Segment Start: MATERIAL PROVIDED
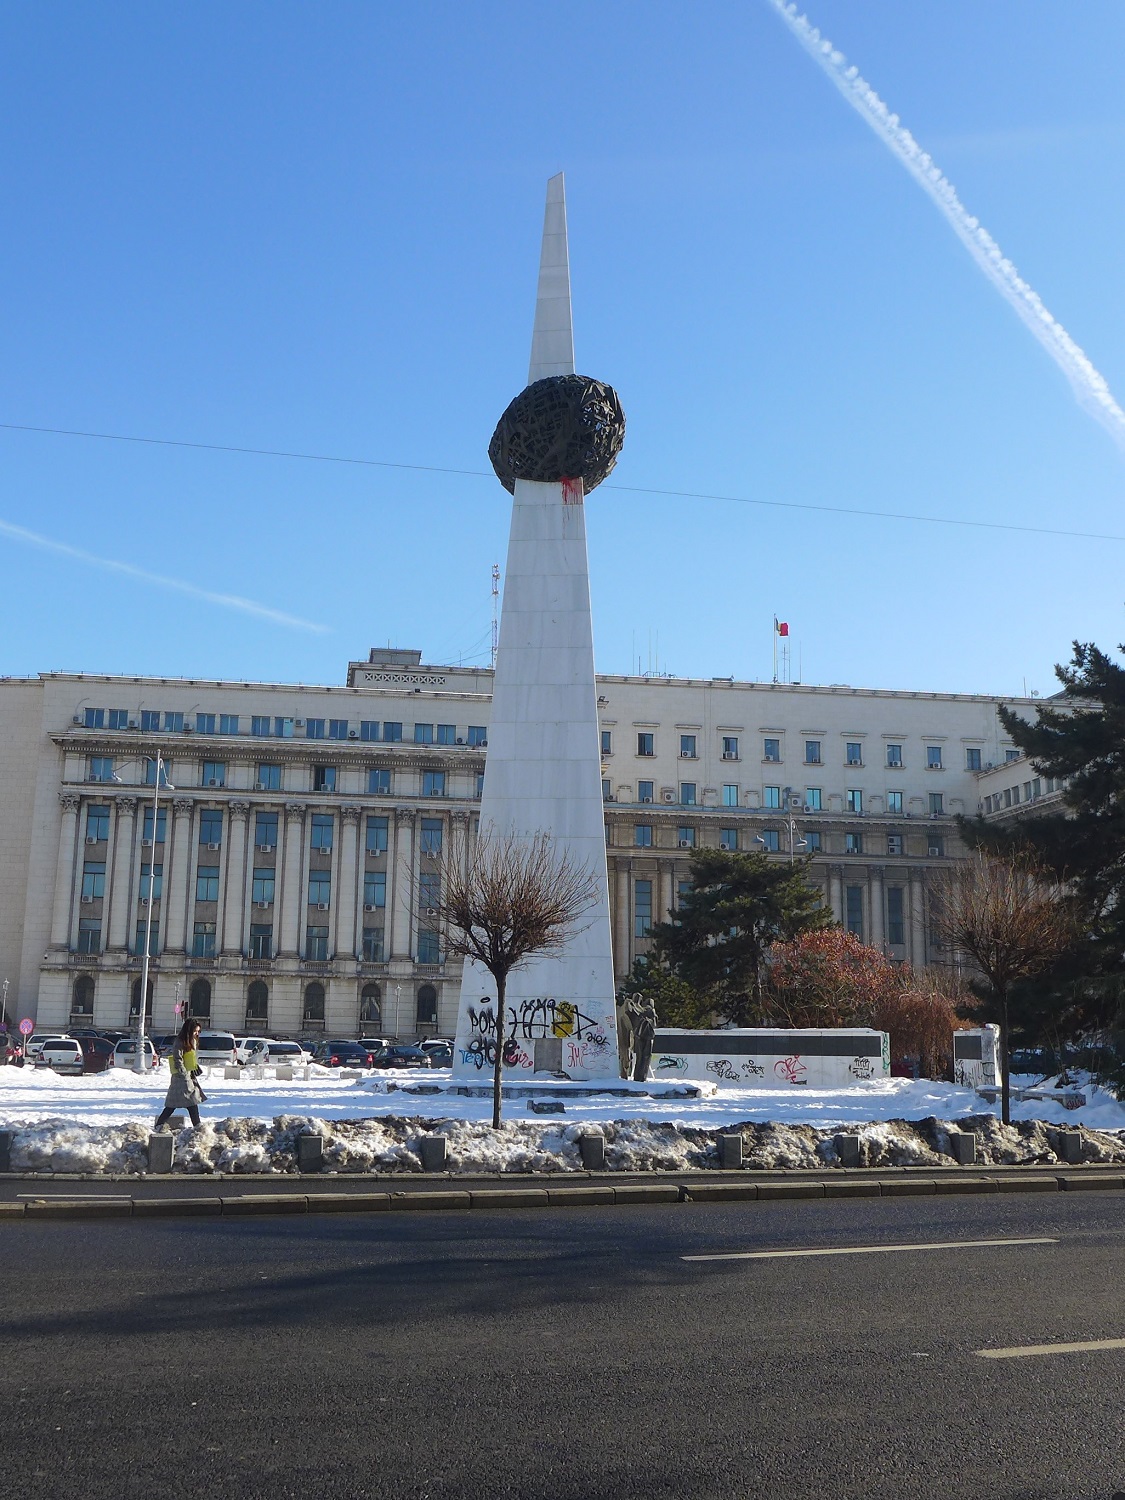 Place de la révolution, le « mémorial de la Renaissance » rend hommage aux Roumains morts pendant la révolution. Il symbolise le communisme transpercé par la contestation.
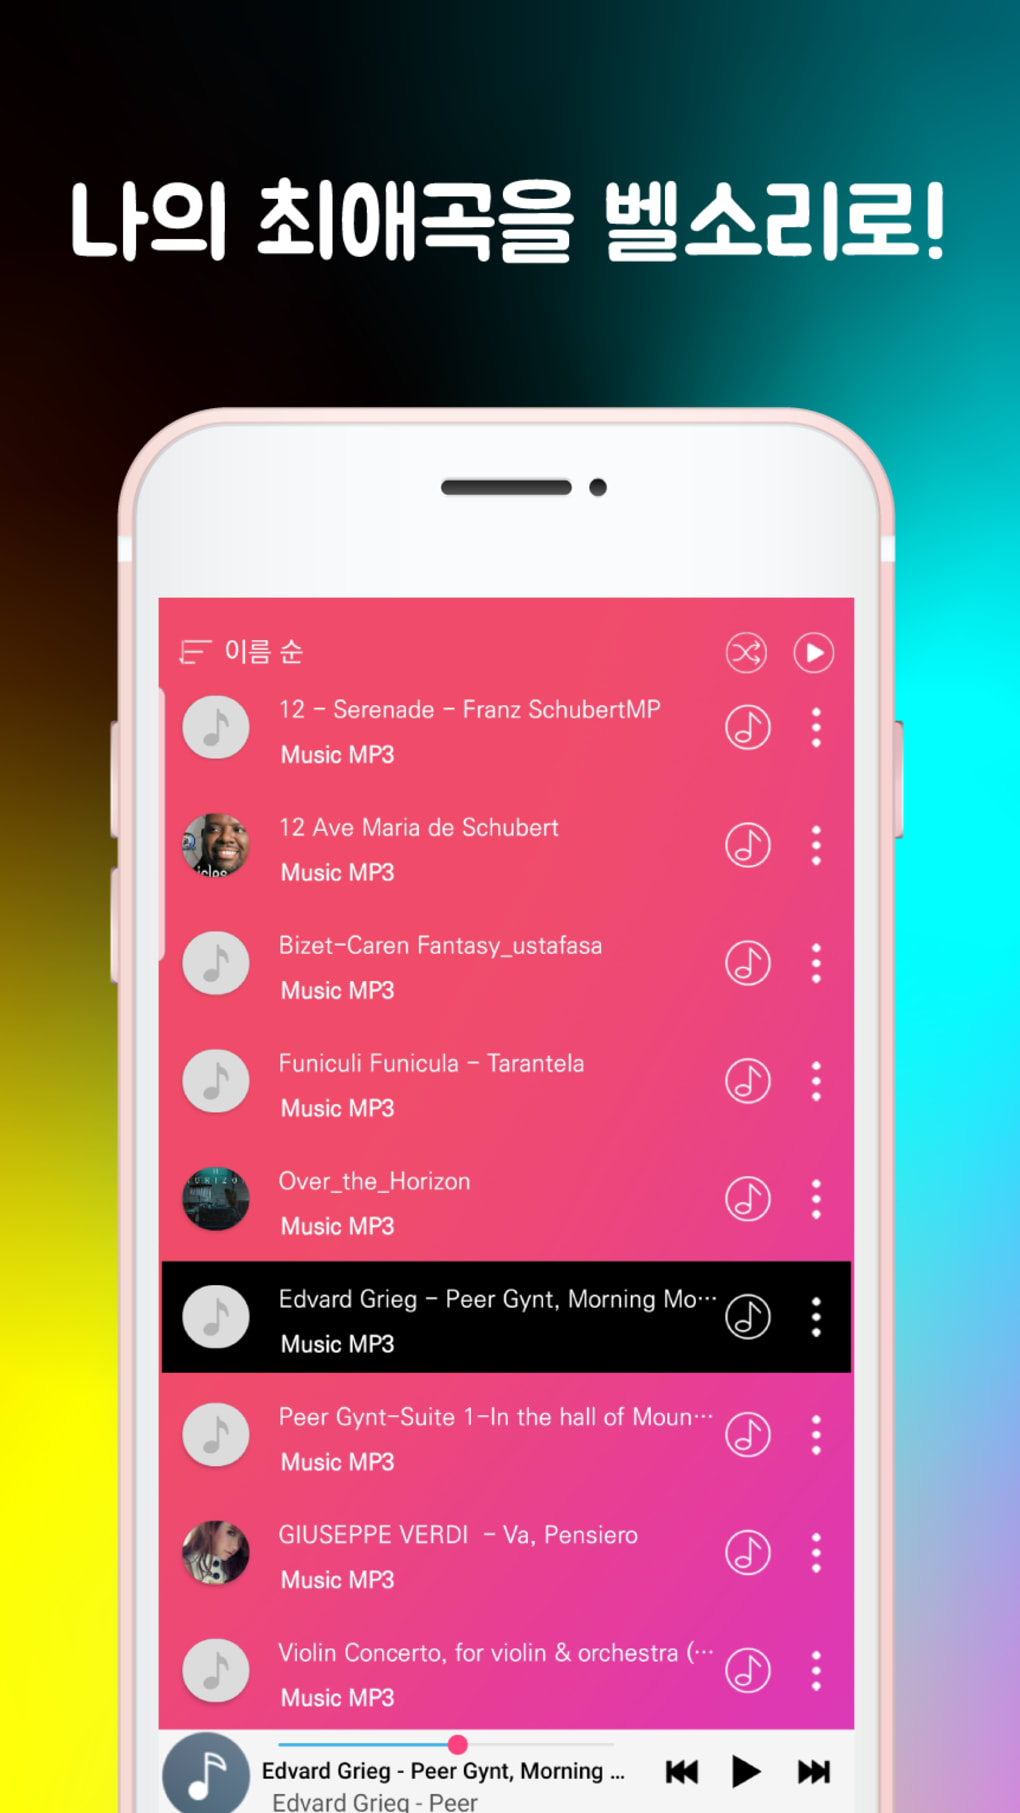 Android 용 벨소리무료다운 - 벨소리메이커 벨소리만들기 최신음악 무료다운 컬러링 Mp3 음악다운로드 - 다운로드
Segment End: MATERIAL PROVIDED
Segment Start: MATERIAL PROVIDED
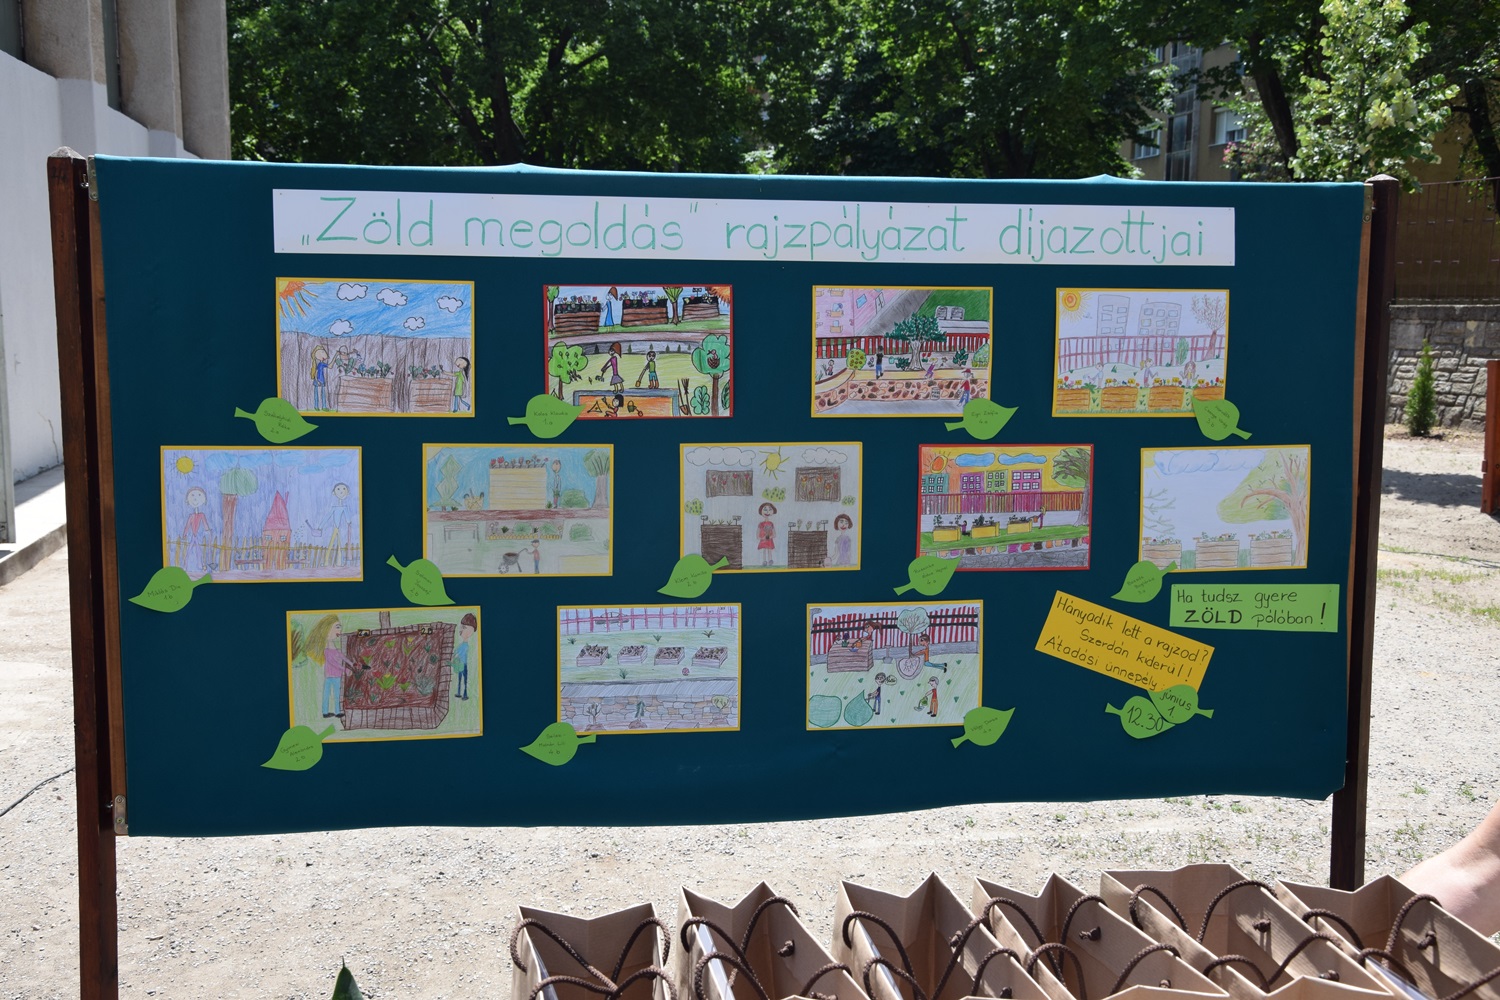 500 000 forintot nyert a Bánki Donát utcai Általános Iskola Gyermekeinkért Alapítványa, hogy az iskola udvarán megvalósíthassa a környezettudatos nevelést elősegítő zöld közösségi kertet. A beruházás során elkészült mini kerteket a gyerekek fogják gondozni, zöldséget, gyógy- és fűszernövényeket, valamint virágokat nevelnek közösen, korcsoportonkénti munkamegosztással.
Segment End: MATERIAL PROVIDED
Segment Start: MATERIAL PROVIDED
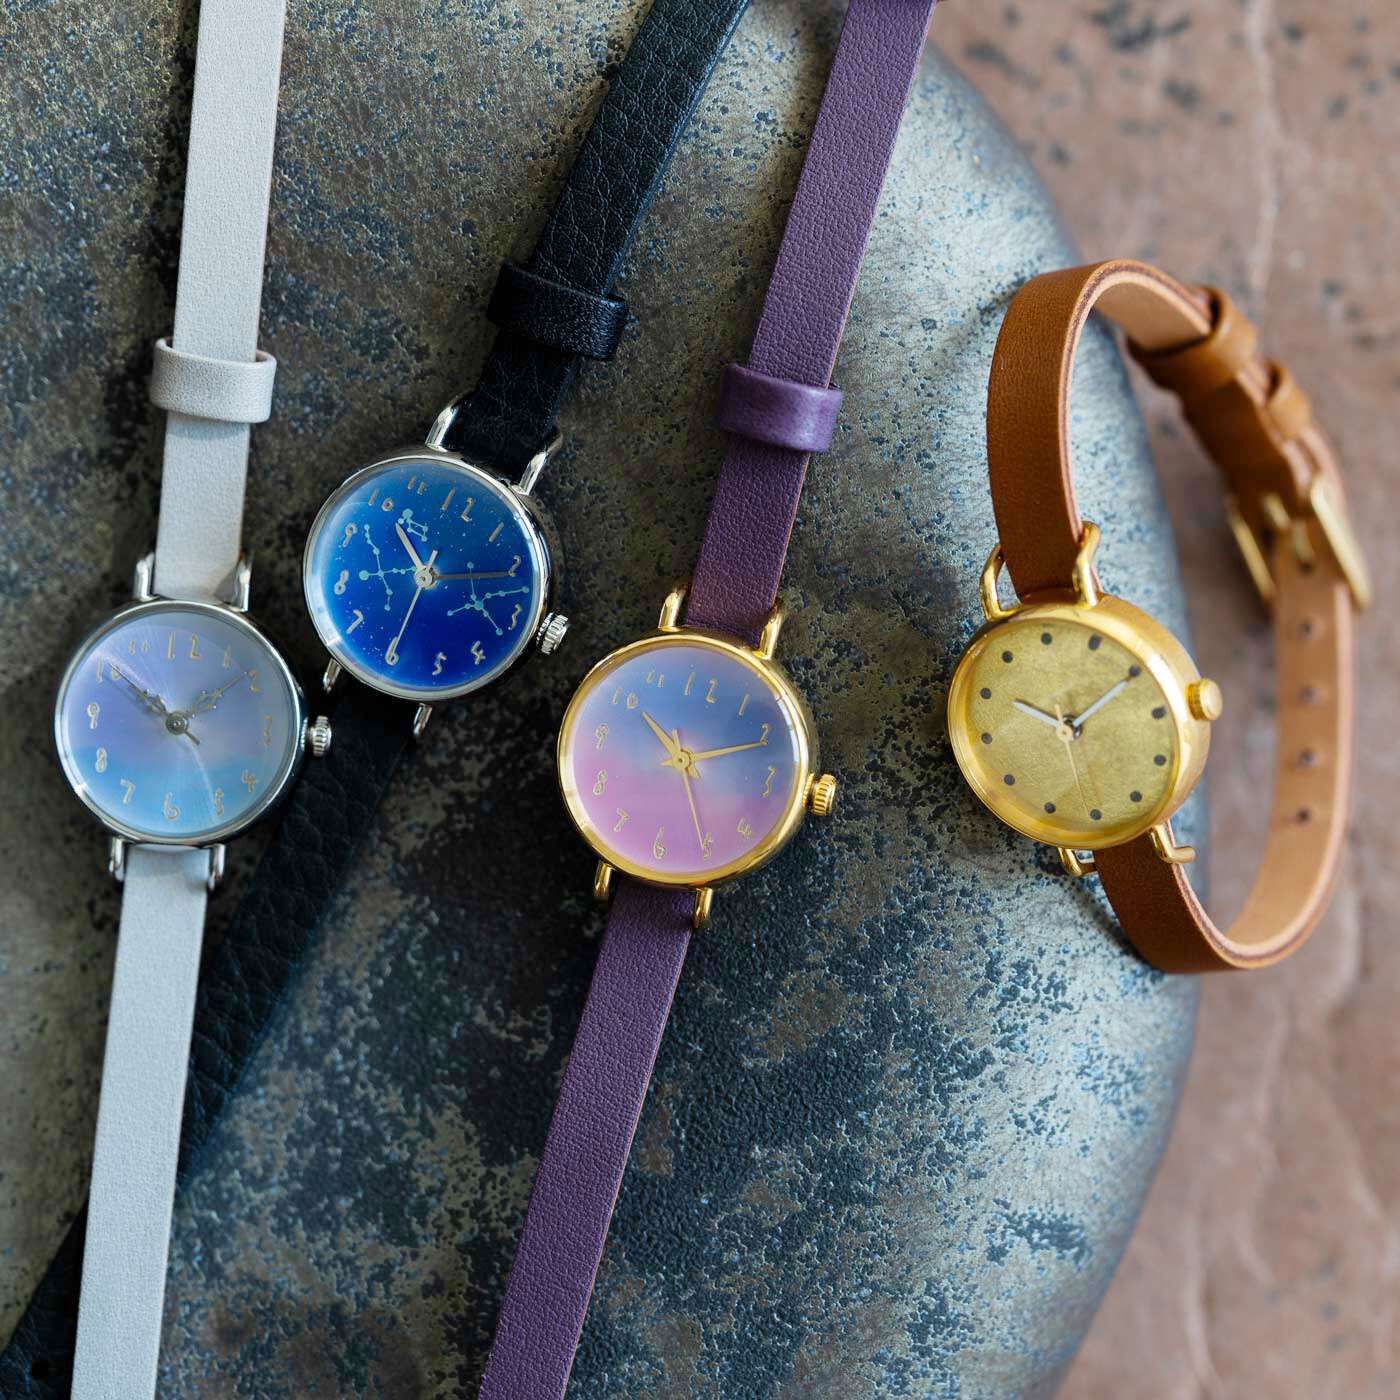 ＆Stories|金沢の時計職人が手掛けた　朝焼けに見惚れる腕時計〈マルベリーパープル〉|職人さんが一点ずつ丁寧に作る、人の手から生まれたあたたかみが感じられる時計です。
Segment End: MATERIAL PROVIDED
• PROBLEM
Go to the line above that has "Place de la" and copy exactly from there down to the line that has "Android 용 벨소리무료다운", both included. Leave the pictures out.

• THE COMPLETED TASK
 Place de la révolution, le « mémorial de la Renaissance » rend hommage aux Roumains morts pendant la révolution. Il symbolise le communisme transpercé par la contestation.
 Android 용 벨소리무료다운 - 벨소리메이커 벨소리만들기 최신음악 무료다운 컬러링 Mp3 음악다운로드 - 다운로드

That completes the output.